Jesus also says, “let’s work on you feeling foolish and powerless, because in some ways we are. Sometimes we may be somewhat foolish or certainly with we knew more. Sometimes we just flat out are powerless. Jesus is teaching us that God’s power and knowledge is sufficient for us. That what Jesus is teaching us in his victory in the temptations in the desert. “Yes, I want everything you’re offering me, devil, but I’m going to trust in God instead. Maybe I’ll get those things that I want, and maybe I won’t.” Hell, it’s often likely that we won’t, but Jesus is showing us the way of trusting in God anyway, not because of what we might get, but because of who are. We’re God’s beloved children.
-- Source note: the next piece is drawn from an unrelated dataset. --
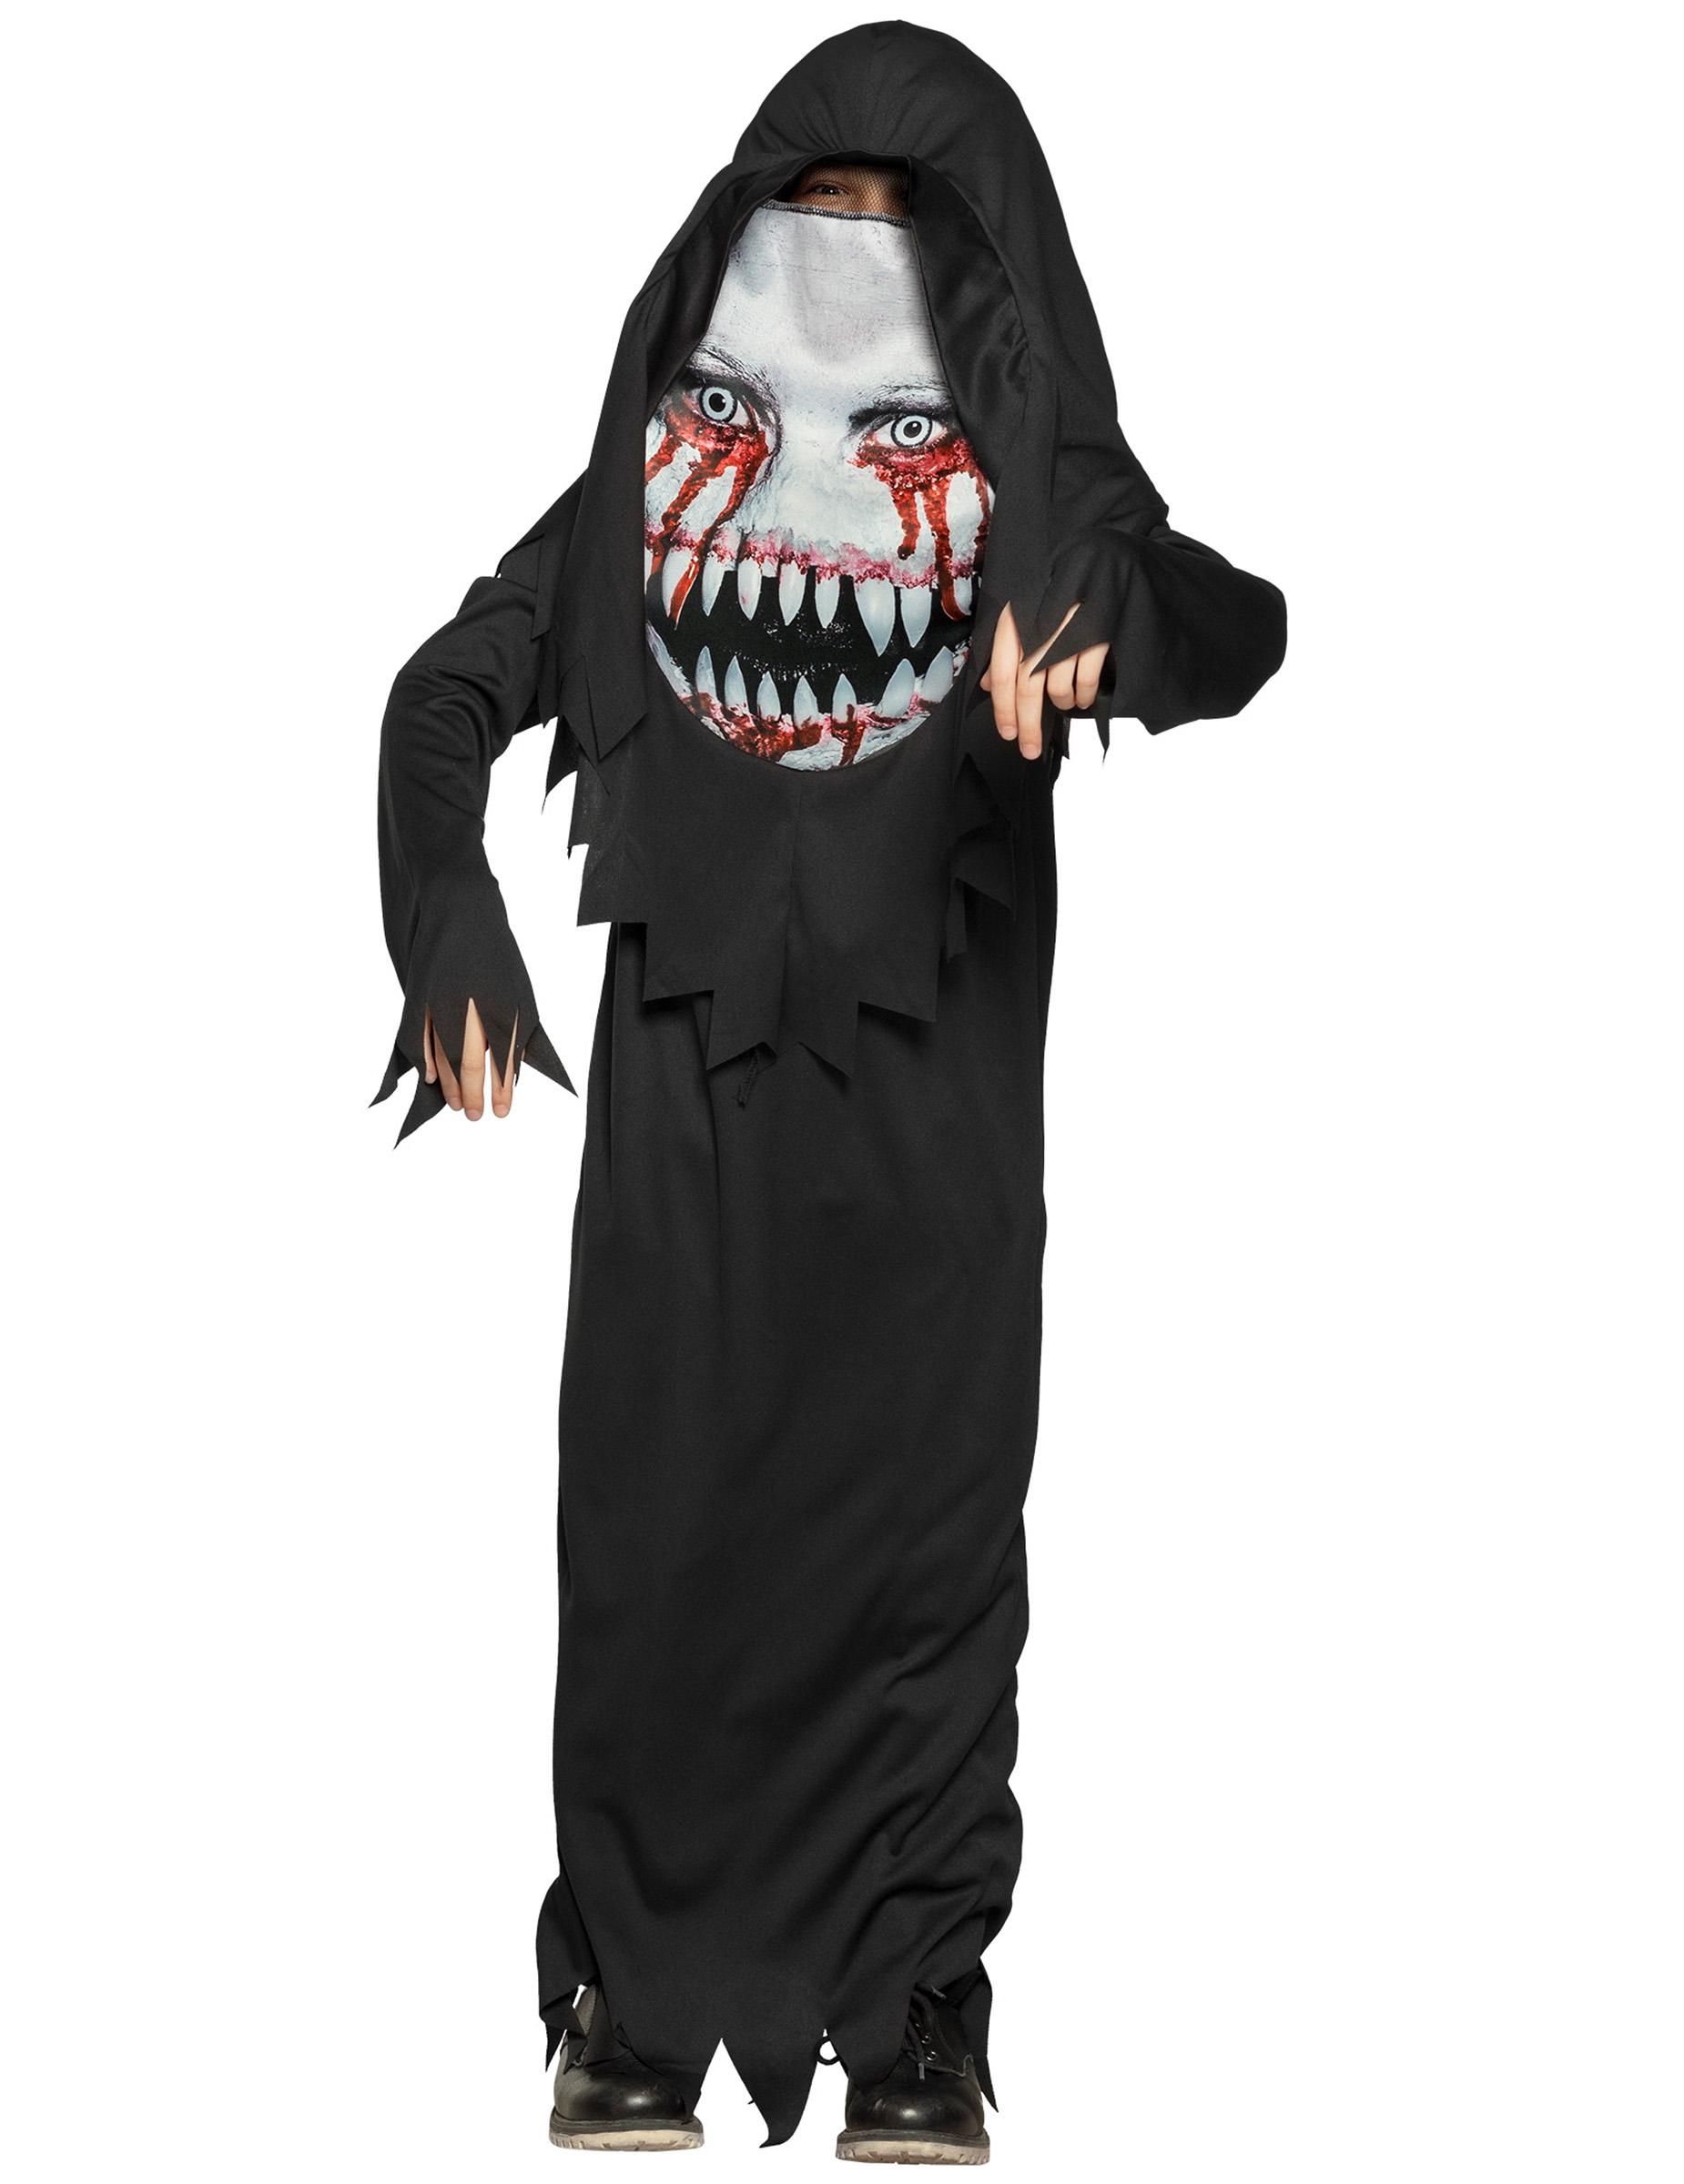 #Monster-Kinderkostüm mit übergroßer Maske für Halloween schwarz-weiss#

Trusting in God’s care for us, trusting in that relationship and seeking good relationships with others, we find we don’t need to feel foolish or powerless. We all of us are sometimes, and that’s ok. We can trust in God and who we are, and when we don’t, we can trust in Jesus joining with us in those failures. Trusting in Jesus, we get the peace we are ultimately searching for. Peace over the agitation of feeling foolish and powerless. Peace over not getting what we want. Peace to let go of our shame. Peace of good relationships with God and one another. Peace of living into who and how we were made to be.

 





Genesis 2:15-17; 3:1-7

The Lord God took the man and put him in the garden of Eden to till it and keep it. And the Lord God commanded the man, “You may freely eat of every tree of the garden; but of the tree of the knowledge of good and evil you shall not eat, for in the day that you eat of it you shall die.”
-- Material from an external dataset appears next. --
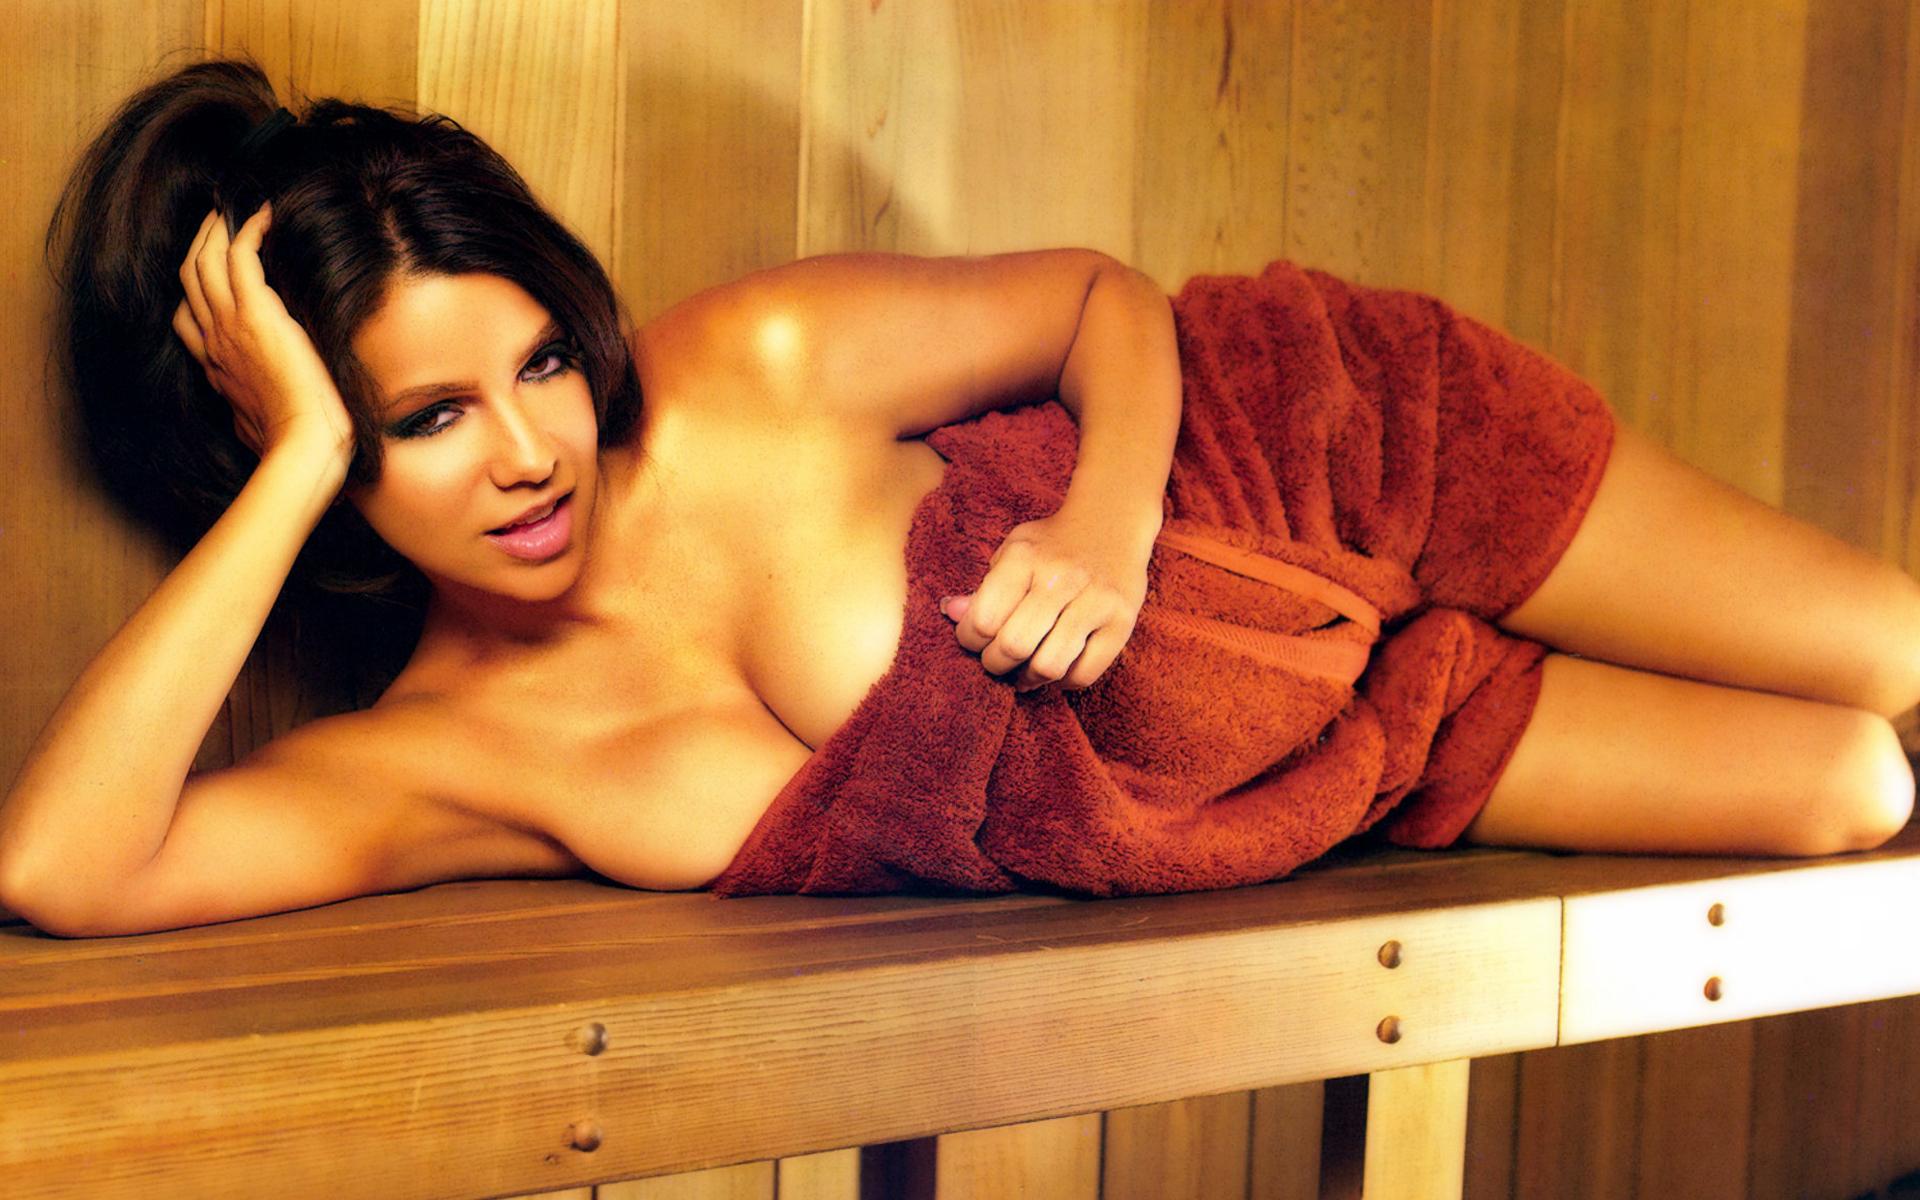 Фото женщин в банях 18 фотография

Now the serpent was more crafty than any other wild animal that the Lord God had made. He said to the woman, “Did God say, ‘You shall not eat from any tree in the garden’?” The woman said to the serpent, “We may eat of the fruit of the trees in the garden; but God said, ‘You shall not eat of the fruit of the tree that is in the middle of the garden, nor shall you touch it, or you shall die.’“ But the serpent said to the woman, “You will not die; for God knows that when you eat of it your eyes will be opened, and you will be like God, knowing good and evil.” So when the woman saw that the tree was good for food, and that it was a delight to the eyes, and that the tree was to be desired to make one wise, she took of its fruit and ate; and she also gave some to her husband, who was with her, and he ate. Then the eyes of both were opened, and they knew that they were naked; and they sewed fig leaves together and made loincloths for themselves.

 

 

Matthew 4:1-11

Jesus was led up by the Spirit into the wilderness to be tempted by the devil. He fasted forty days and forty nights, and afterwards he was famished. The tempter came and said to him, “If you are the Son of God, command these stones to become loaves of bread.” But he answered, “It is written,

‘One does not live by bread alone,
but by every word that comes from the mouth of God.’”

Then the devil took him to the holy city and placed him on the pinnacle of the temple, saying to him, “If you are the Son of God, throw yourself down; for it is written,

‘He will command his angels concerning you,’
and ‘On their hands they will bear you up,

so that you will not dash your foot against a stone.’”

Jesus said to him, “Again it is written, ‘Do not put the Lord your God to the test.’”

Again, the devil took him to a very high mountain and showed him all the kingdoms of the world and their splendor; and he said to him, “All these I will give you, if you will fall down and worship me.” Jesus said to him, “Away with you, Satan! for it is written,

‘Worship the Lord your God,
and serve only him.’”

Then the devil left him, and suddenly angels came and waited on him.